How to replace all special characters in string - sql

I have a table with the following columns:
dbo.SomeInfo
- Id
- Name
- InfoCode
Now I need to update the above table's InfoCode as
Update dbo.SomeInfo
Set InfoCode= REPLACE(Replace(RTRIM(LOWER(Name)),' ','-'),':','')
This replaces all spaces with - & lowercase the name
When I do check the InfoCode, I see there are Names with some special characters like
Cathe Friedrich''s Low Impact
coffeyfit-cardio-box-&-burn
Jillian Michaels: Cardio
Then I am manually writing the update sql against this as
Update dbo.SomeInfo
SET InfoCode= 'cathe-friedrichs-low-impact'
where Name ='Cathe Friedrich''s Low Impact '
Now, this solution is not realistic for me. I checked the following links related to Regex & others around it.
UPDATE and REPLACE part of a string
https://www.codeproject.com/Questions/456246/replace-special-characters-in-sql
But none of them is hitting the requirement.
What I need is if there is any character other [a-z0-9] replace it - & also there should not be continuous -- in InfoCode
The above Update sql has set some values of InfoCode as the-dancer's-workout®----starter-package
Some Names have value as
Sleek Technique™
The Dancer's-workout®
How can I write Update sql that could handle all such special characters?

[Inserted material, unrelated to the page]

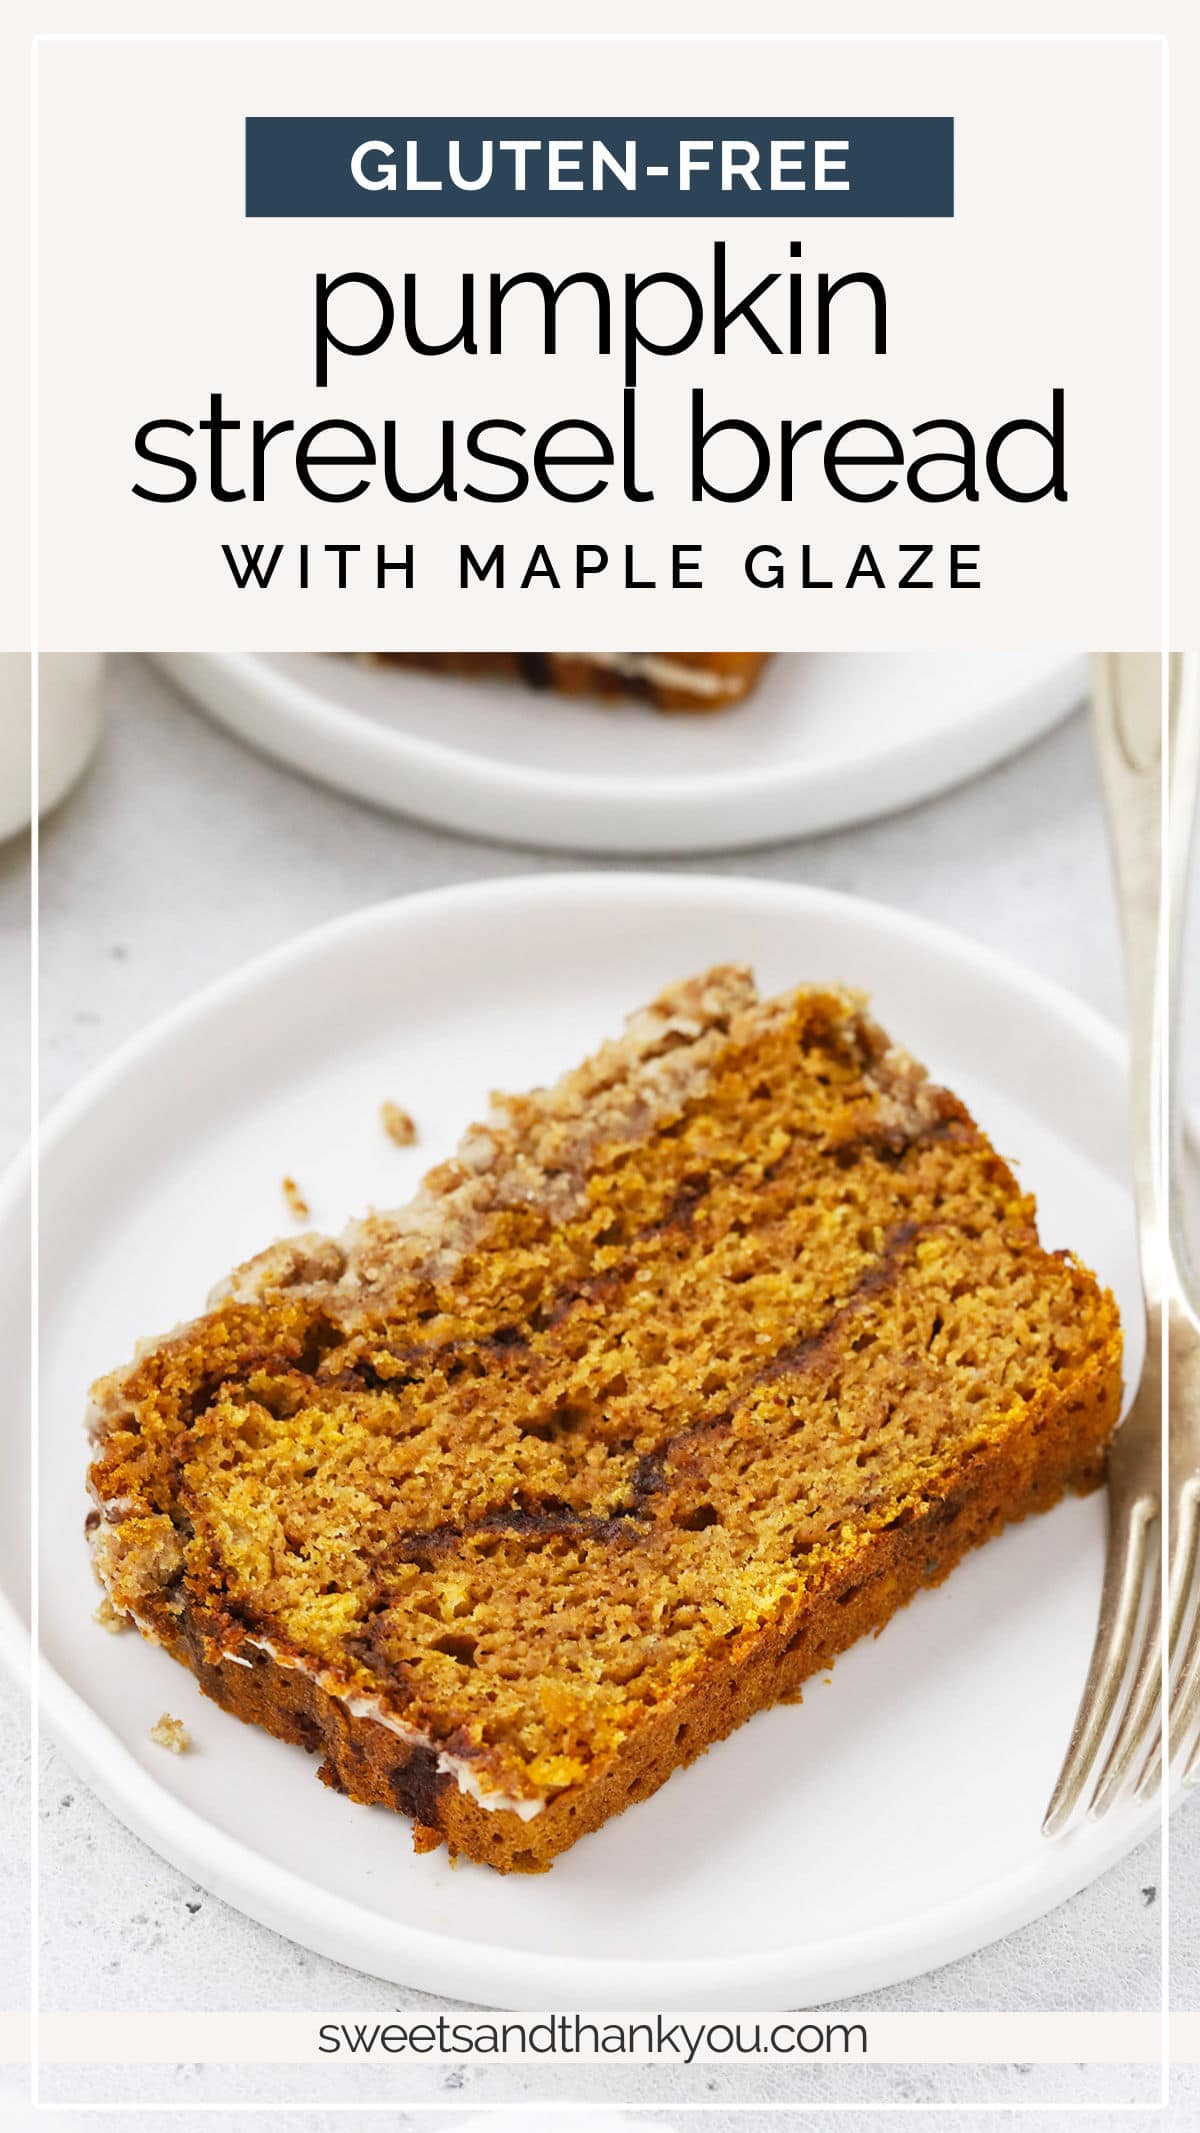 Gluten-Free Pumpkin Streusel Bread With Maple Glaze - This amazing gluten-free cinnamon swirl pumpkin bread is topped with a buttery crumble and sweet maple glaze. It's THE BEST gluten-free pumpkin bread recipe ever! // Cinnamon Swirl Pumpkin Bread Recipe // Maple Pumpkin Bread // Maple Glaze Pumpkin Bread // Glazed Pumpkin Bread // Gluten-Free Quick Bread #pumpkinbread #streusel #mapleglaze #glutenfreepumpkin #glutenfreebaking #glutenfreebread #glutenfreequickbread

Using NGrams8K you could split the string into characters and then rather than replacing every non-acceptable character, retain only certain ones:
SELECT (SELECT '' + CASE WHEN N.token COLLATE Latin1_General_BIN LIKE '[A-z0-9]'THEN token ELSE '-' END
FROM dbo.NGrams8k(V.S,1) N
ORDER BY position
FOR XML PATH(''))
FROM (VALUES('Sleek Technique™'),('The Dancer''s-workout®'))V(S);
I use COLLATE here as on my default collation in my instance the '™' is ignored, therefore I use a binary collation. You may want to use COLLATE to switch the string back to its original collation outside of the subquery.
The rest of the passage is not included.